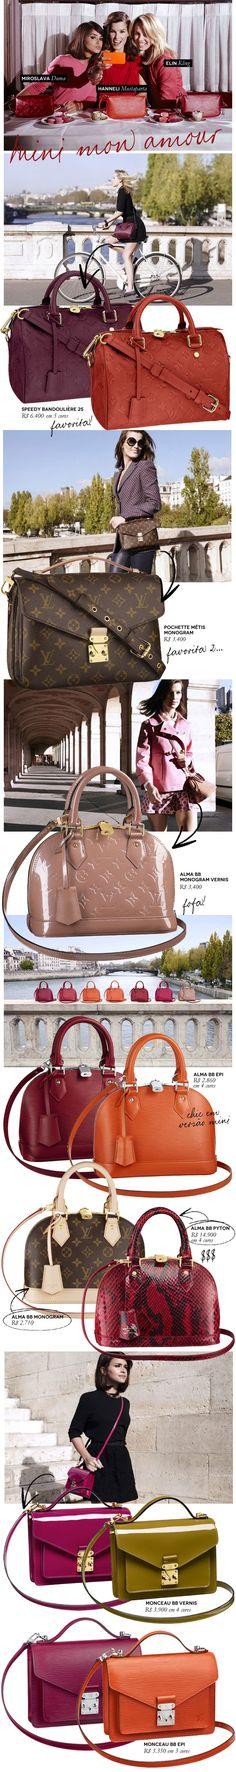 fashion-gazette-barbara-resende-wish-louis-vuitton-mini-bags
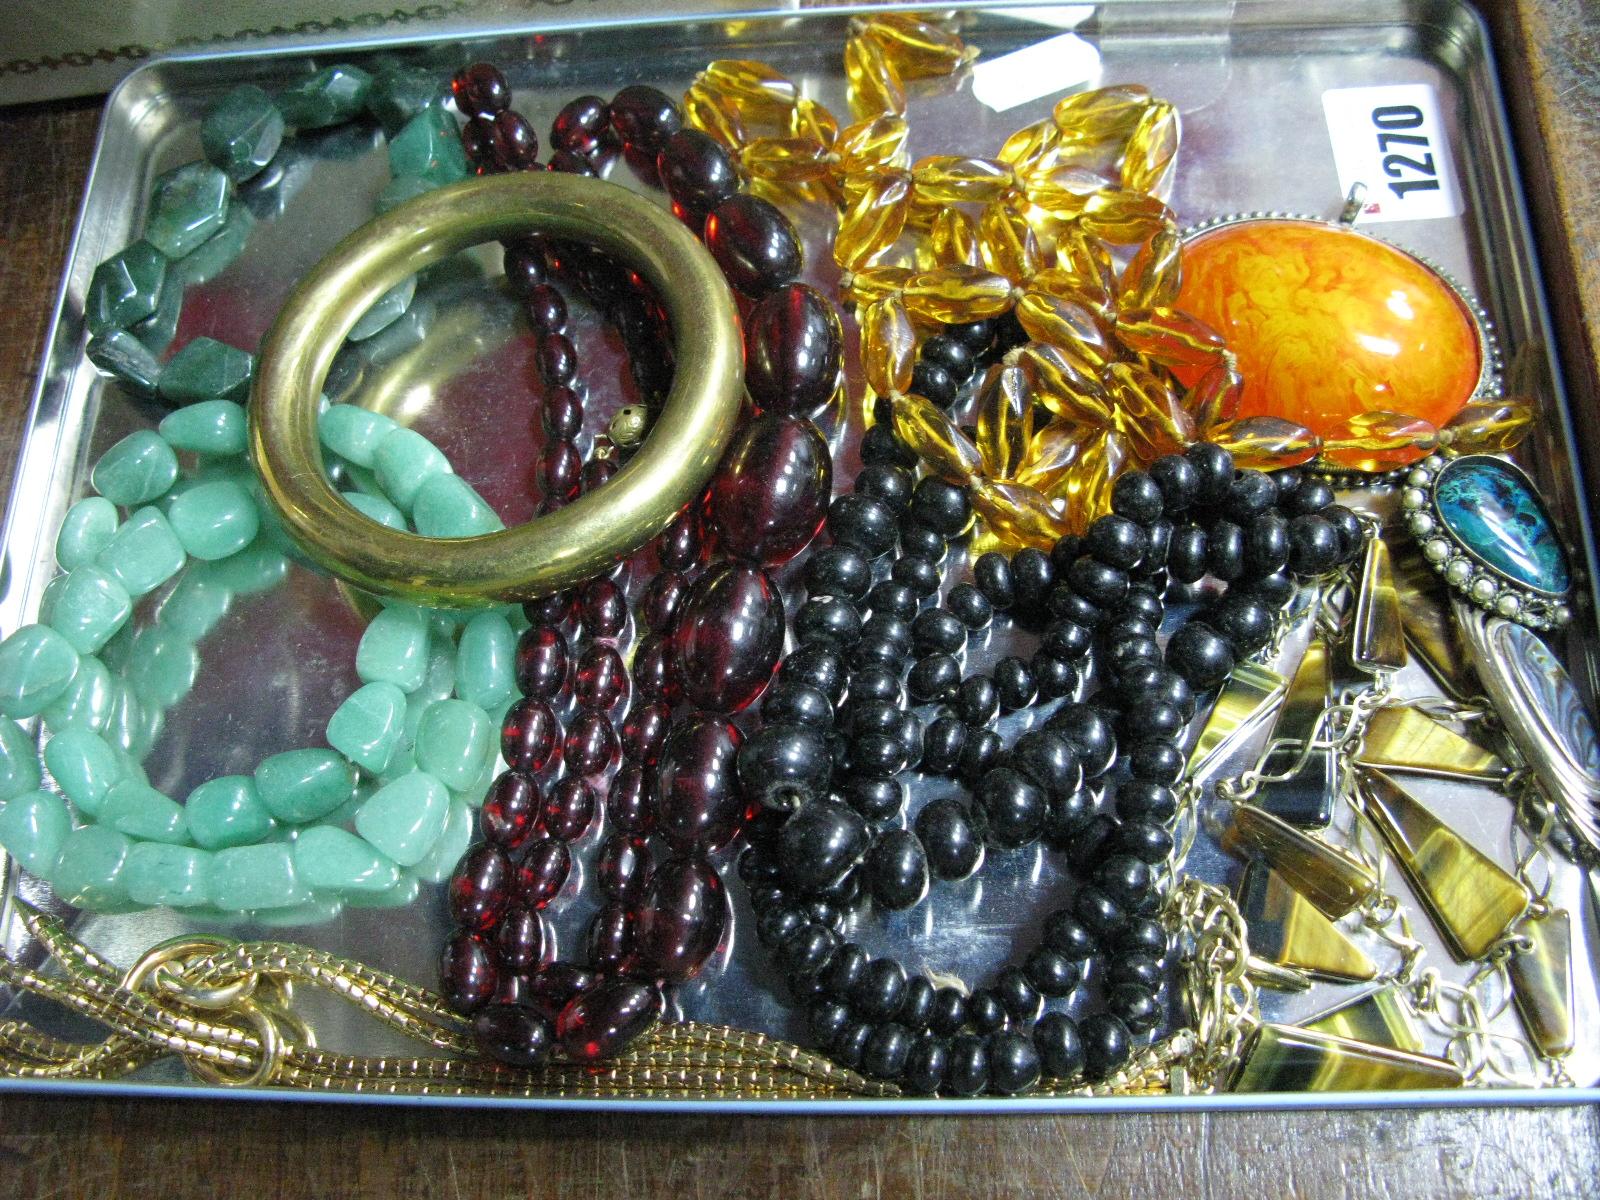 Lot 1270 - Grosse 1958 German Vintage Costume Necklace, bead necklaces, bangle, etc.
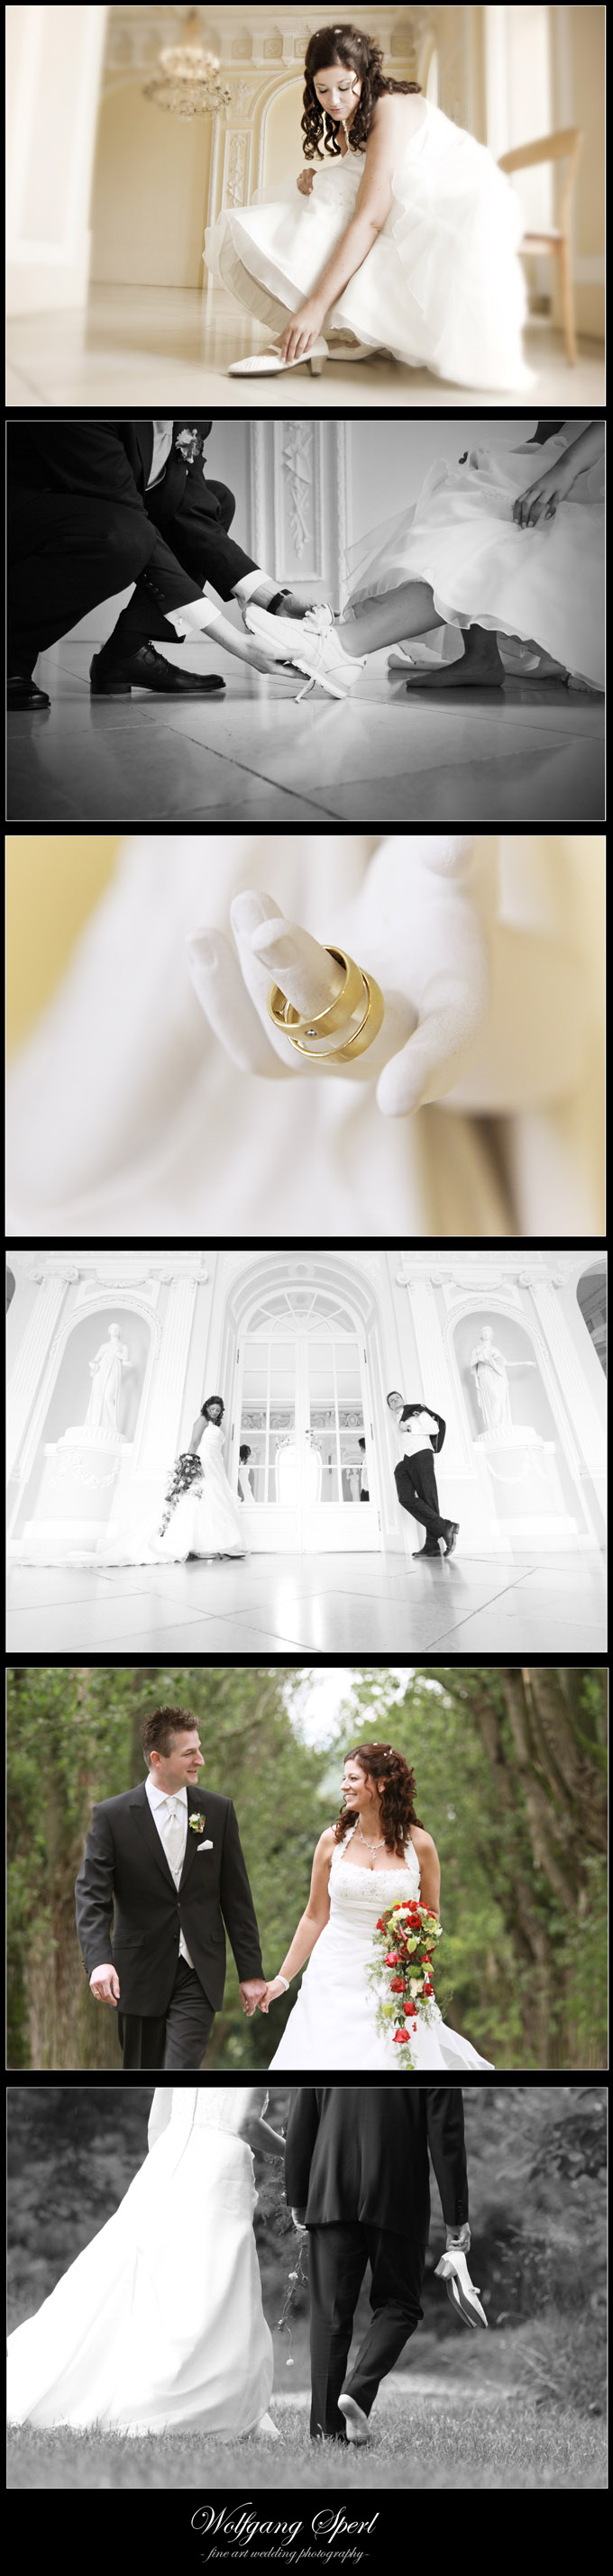 Fotograf Schloss Hohenheim Speisemeisterei Hochzeit

Activity:
Print every line of the material above exactly as it reads, skipping the pictures.

Output for this task:
 fashion-gazette-barbara-resende-wish-louis-vuitton-mini-bags
 Lot 1270 - Grosse 1958 German Vintage Costume Necklace, bead necklaces, bangle, etc.
 Fotograf Schloss Hohenheim Speisemeisterei Hochzeit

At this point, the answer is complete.